You will need per class:

  • a relatively complex and moderately controversial topic
  • pre-prepared roles of stakeholders (i.e. police officer, crime victim, young offender, social worker, parent, judge, prison officer, etc.)
  • a homework research task
  • 10 minutes to set the homework task in a previous lesson.
  • 20-30 minutes of class time for the debates (inc. feedback time)
  1. Ideally towards the end of a class, explain that you will be doing a series of debates in class and that everyone is going to do some research to prepare for the task.  All students can research if they wish, however, 3 experts will be given the research handout and they will be the ‘experts’ in the next lesson, during which they will have to present the topic (5-10 minutes) and moderate the debates.
  2. Next lesson, allow the experts to present their research.  Help them introduce and elicit/pre-teach important vocabulary.
  3. Present the debate topic in more concrete terms.  e.g.”There should be a zero tolerance approach to young offenders.  They should be imprisoned like normal criminals.”
  4. Split the other groups into pairs/threes (depending on numbers) and issue each group a role card.  They have 5 minutes to work together and brainstorm how someone in this position might feel. Discourage students from being too stereotypical in their interpretation of the role.  Try and get them to imagine how they would feel if they were put in such a situation.  During this phase, the experts float around helping the other groups with language and pointing them in the right direction if necessary.
  5. Depending on how many experts you have present (i.e. 2 or 3), divide the other students into larger groups, making sure that there roles are well mixed.

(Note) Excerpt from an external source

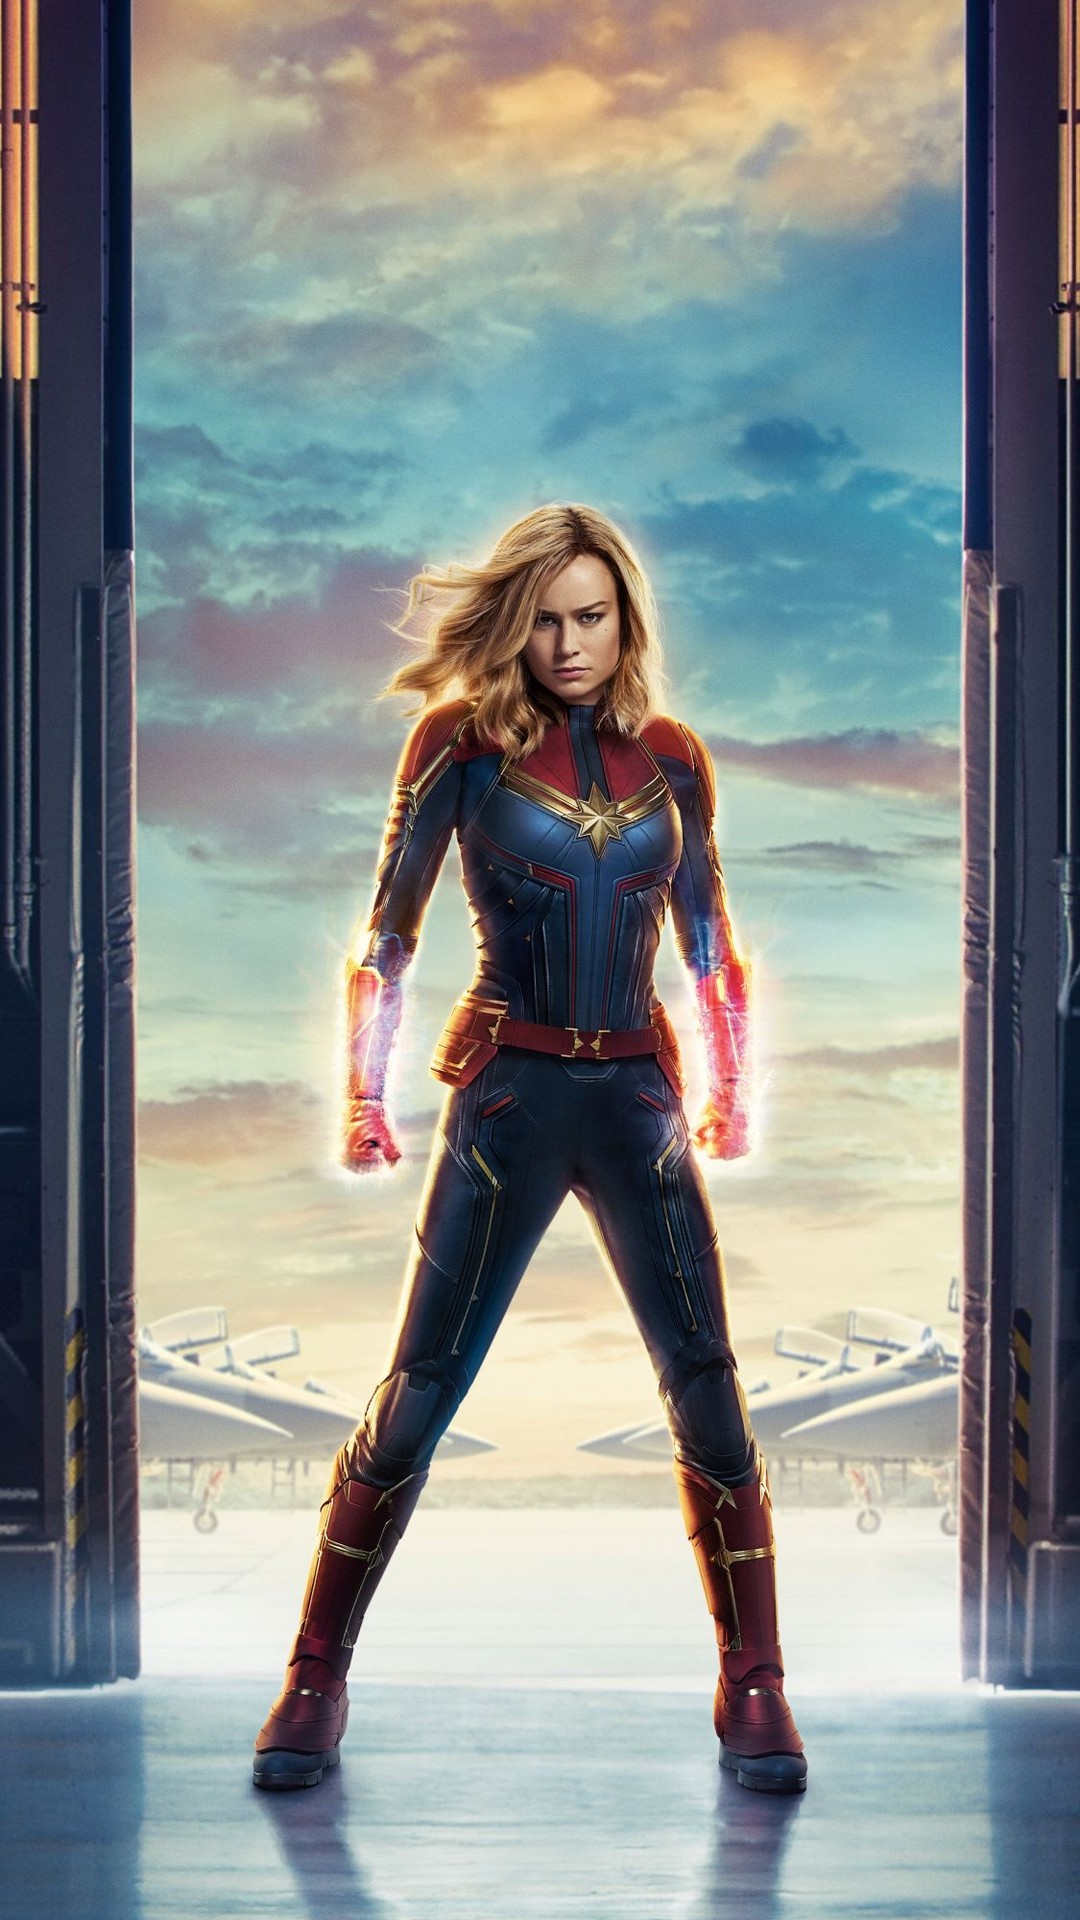 Wallpaper Captain Marvel iPhone with high-resolution 1080x1920 pixel. You can use this wallpaper for your iPhone 5, 6, 7, 8, X backgrounds, Mobile Screensaver, or iPad Lock Screen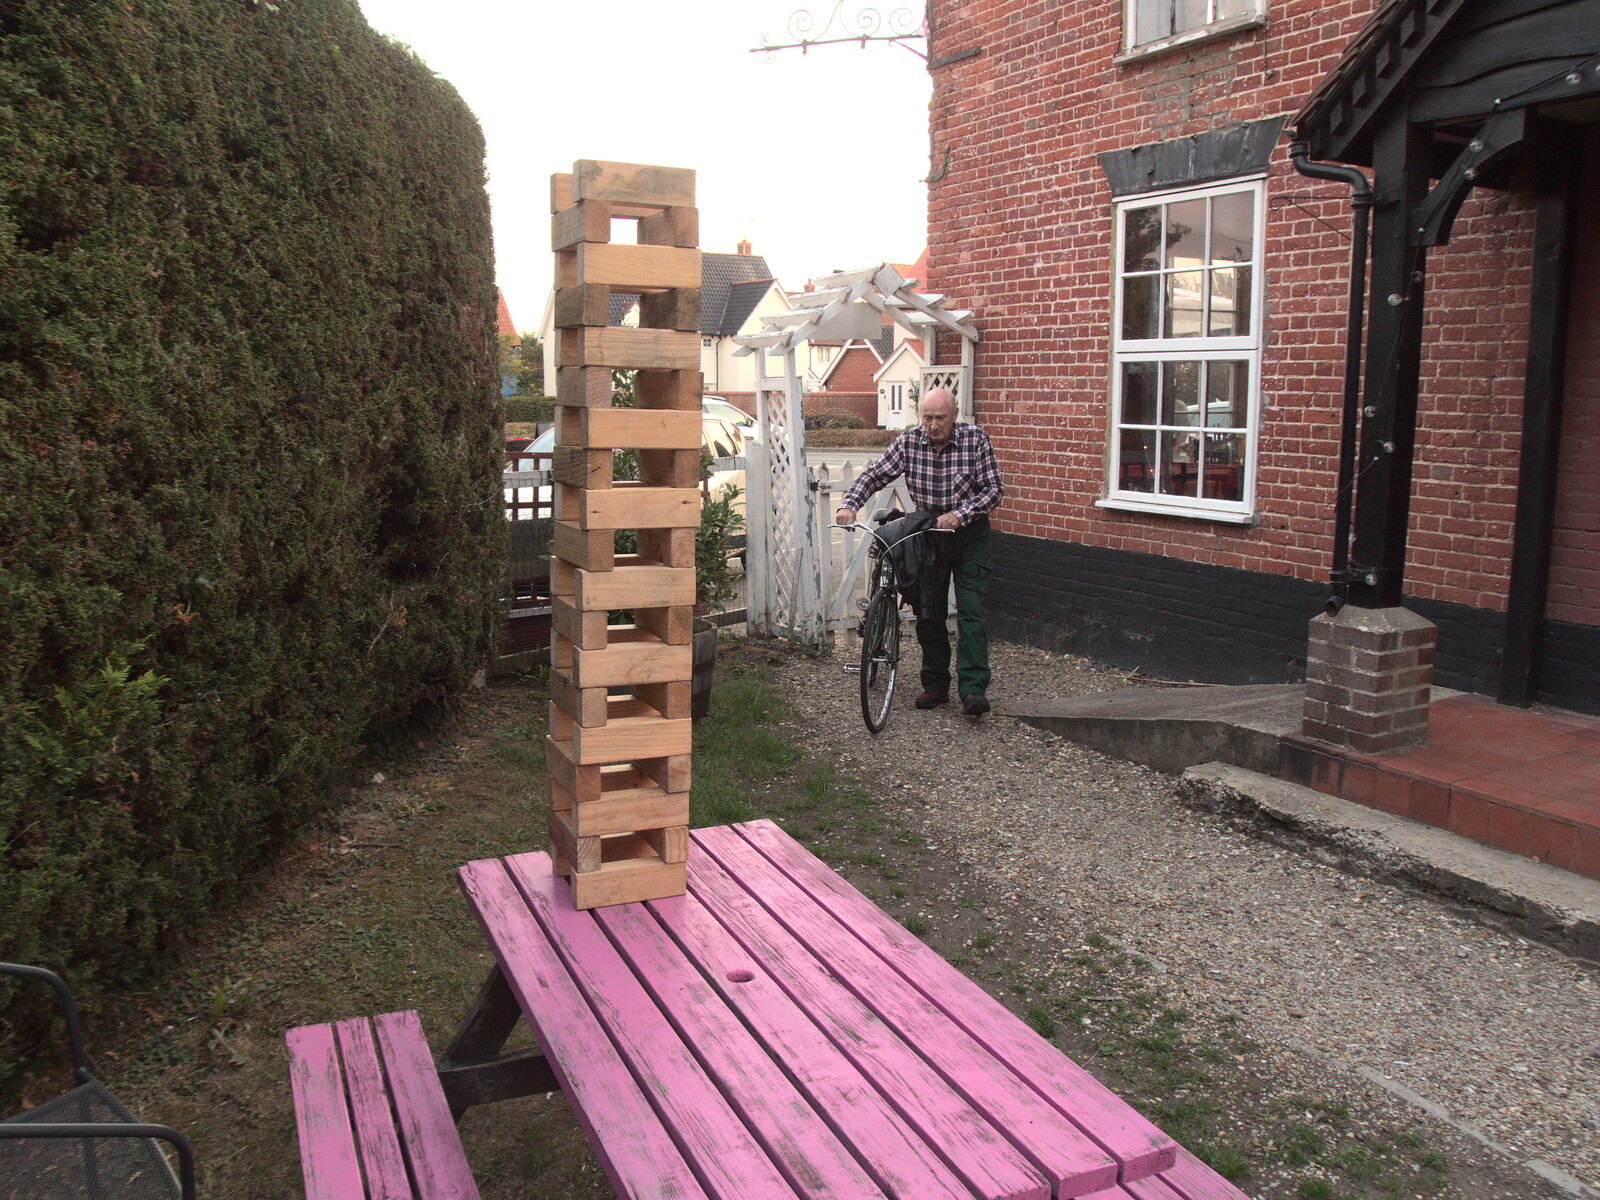 A Heritage Open Day, Eye, Suffolk - 18th September 2022: There's an oversized Jenga stack on a table

  6. Experts mediate the discussion.  It may be helpful to have a talking ball (or something else to hold) to make it clear who has the right to speak at each time.  This will avoid too many interruptions and encourage more structured turn taking.  Set a clear time limit for the debate.  At the end of the time, each group can vote for an outcome.  It’s up to you if you get them to vote with their conscience (i.e. from their own viewpoint) or get them to stay in their roles.
  7. (optional)  this can be a really great lead-in for a writing task.  It works well with both essays, reports and articles.


The Focus Group is really useful for secondary learners.  It gets them thinking about other people’s opinions and also diffuses some of the antagonism that can sometimes come out of these debates.  Because students aren’t necessarily sharing their own views, the dynamics are a little more equitable.  I was really impressed with my colleagues idea and I’ve made it a routine element of this semester’s course for my advanced learners.  Give it a try and let us know how it goes!